# NixOS Configuration for AppDaemon Development

## Objectives

- SSH remote with VSCode
- Debugger must work
- Multiple dev versions (different branches, forks)
- Multiple config directories - deployment and test
- `devenv`-based workflow
    - Shell
        - Makes `uv` available
        - Syncs `devenv` virtual environment
        - `appdaemon`
    - Build Docker
- Use flakes
- Jupyter through VSCode
    - `autoreload` must work with editable install of the dev version
    - could always work in a dev container
- Observation - telegraf/promtail
- Utility - portainer, watchtower

## Usage

### `nfs`

Used to rebuild the `ad-nix` system with whatever is currently symlinked to `/etc/nixos`

### `ads`

Used to enter the development shell.
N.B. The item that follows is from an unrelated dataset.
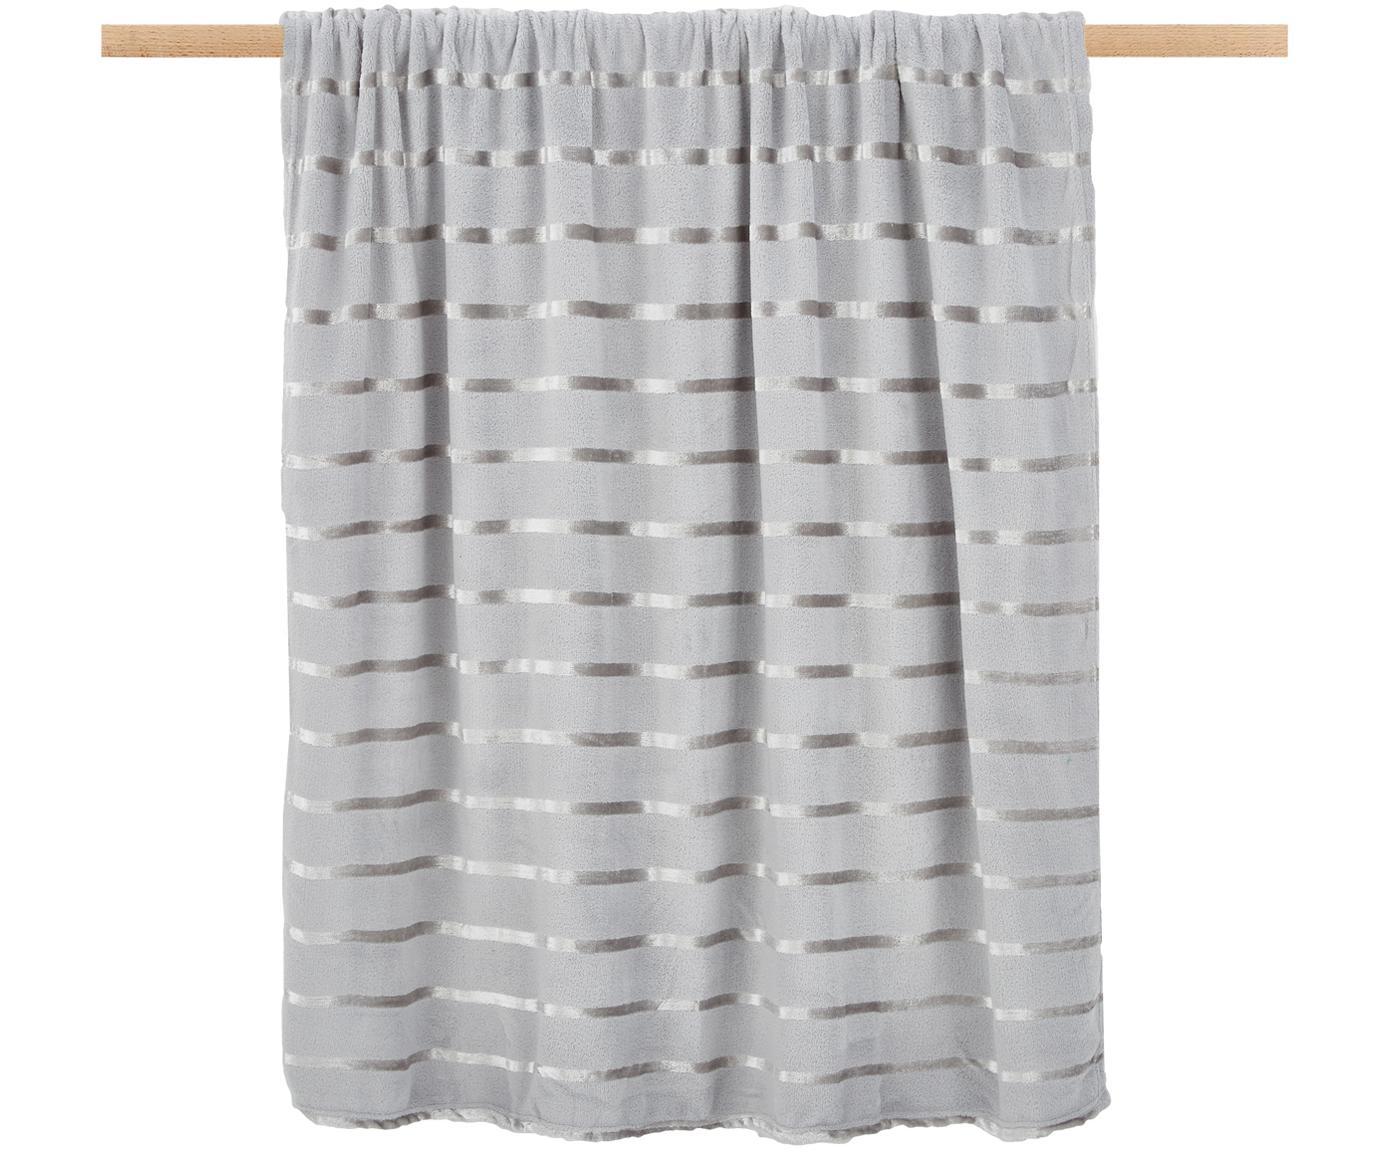 Weiches Fleece-Plaid Clyde mit schimmernden Streifen, 100% Polyester, Grau, Beige, 130 x 160 cm

Be careful, as this will create a `.devenv` directory and venv wherever it's entered.

### venv

Activated with `.devenv/state/venv/bin/activate`. Used in VSCode for type hints, running, and debugging

### Jupyter

- Install devenv kernel - might not be useful?
    - `python -m ipykernel install --user --name devenv --display-name "Python (devenv)"`
- Run jupyter notebook on the side with a `uv run jupyter notebook` command
- Use the link with the token to connect the jupyter notebook kernel to it

## Mechanics

### SSH Connection

SSH keys are pre-authorized from `secrets/authorized_keys` which contains the public keys for desktop, laptop, and phone.

### SOPS

- `secrets/secrets.yaml` contains the encrypted keys.
- There needs to be a `~/.config/sops/age/keys.txt` file with the age secret key. This file has to be manually placed.
- `.sops.yaml` indicates to SOPS that the yaml file is encrypted with that secret key.
- `sops-ad` is a convenience script for editing the secrets.yaml file.

## Setup

### Bootstrapping

SSH in to the host as root and get into a shell with `git`.

```shell
nix-channel --update && nix-shell -p git
```

Then build the system from the flake

```shell
nixos-rebuild switch --flake git+https://gitea.john-stream.com/john/ad-nix#ad-nix
```

### Secrets

During build time `/etc/ssh/ssh_host_ed25519_key` automatically gets imported as an age key. If that fingerprint is included in the `.sops.yaml` file, then `secrets/secrets.yaml` can be decrypted during the build. Otherwise `~/.config/sops/age/keys.txt` needs to already be populated.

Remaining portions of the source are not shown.